Первые листочки памяти.

     Бывает ли где-нибудь воздух чище, солнце ярче, а душа счастливее, чем в детстве? Мне же досталось детство редкое, яркое своими контрастами блистательного Ленинграда и комфортной Польши, роскошными военными крымскими санаториями с царственной непостижимой вологодской глубинкой. Глубинка эта затмевала все. Я родилась и жила в семье военного, лётчика. Папа закончил военную академию в Ленинграде, потом переехали в Польшу, где я пошла в школу. Потом - на Украину в Старо-Константинов, где я училась во втором классе. После этого у меня начал сильно прогрессировать сколиоз, пришлось меня отдать в интернат для детей, больных сколиозом, в Волгограде, а папу направили служить в Читу. Так что жила я до конца школы за восемь тысяч километров от родителей, каникулы проводила у бабушки в вологодской деревне. Ещё в дошкольном детстве приезжала такая городская девочка, одетая с иголочки (мама очень хорошо шила и одевала нас с сестрёнкой как куколок), и вскоре превращалась в деревенскую бандитку-замарашку со спущенными чулками, а чаще босиком, вся в синяках, ссадинах и порезах. И эта жизнь ей нравилась гораздо больше. Доставалось и сестрёнке от моих затей, она была на четыре года младше, а я таскала ее за собой, это прелестное мамино дитя с пухлыми щёчками и прелестными испуганными серыми глазками.

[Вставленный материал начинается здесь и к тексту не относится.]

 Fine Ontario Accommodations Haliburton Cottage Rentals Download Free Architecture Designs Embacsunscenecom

     Уже в первых воспоминаниях заключена большая сияющая радость с вкраплением горечи. Но о горечи, может, когда-нибудь потом, а может и никогда. А вот радостью мироточит детство, изливается, как переполненная янтарным медом тугая струя, медленно оседающая из медокачки в подставленную огромную флягу, золотится, сладкая и прекрасная, загадочная и завораживающая.

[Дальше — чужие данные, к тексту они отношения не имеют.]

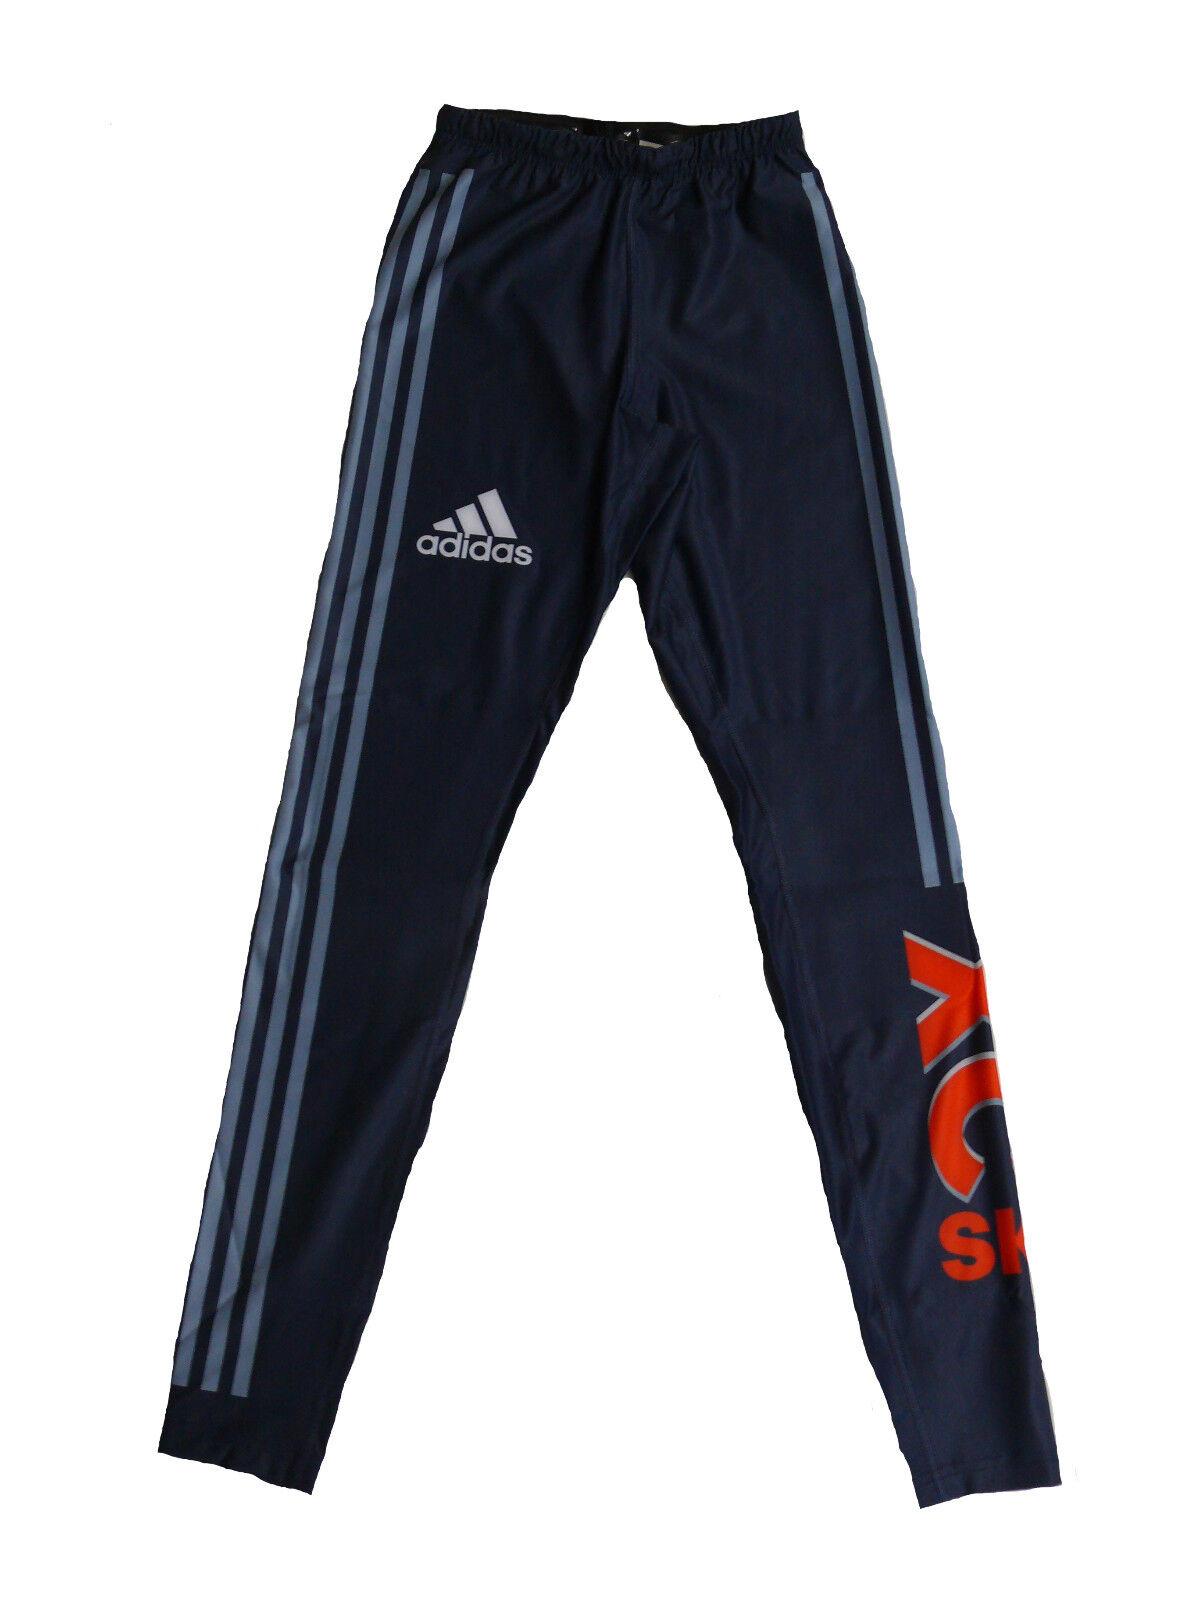 Adidas Herren Race Langlauf Tights Hose Gr.4 (S)

Как я родилась в Ленинграде, я, конечно, не помню, но отлично представляю, настолько этот волшебный город вымечтан, столько всего, связанного с ним,  загадочным и прекрасным, о нем прочитано, выслушано  и проиграно в моем воображении...

     Самые первые два фрагмента воспоминаний, равновеликие в своей простоте и важности: шелковая трава в вологодской деревеньке и глубокий овраг, усыпанный пружинящей под ногами хвоей, через которую в огромных количествах пробиваются нежнейшие лесные фиалки, в военном городке около Щецина в Польше.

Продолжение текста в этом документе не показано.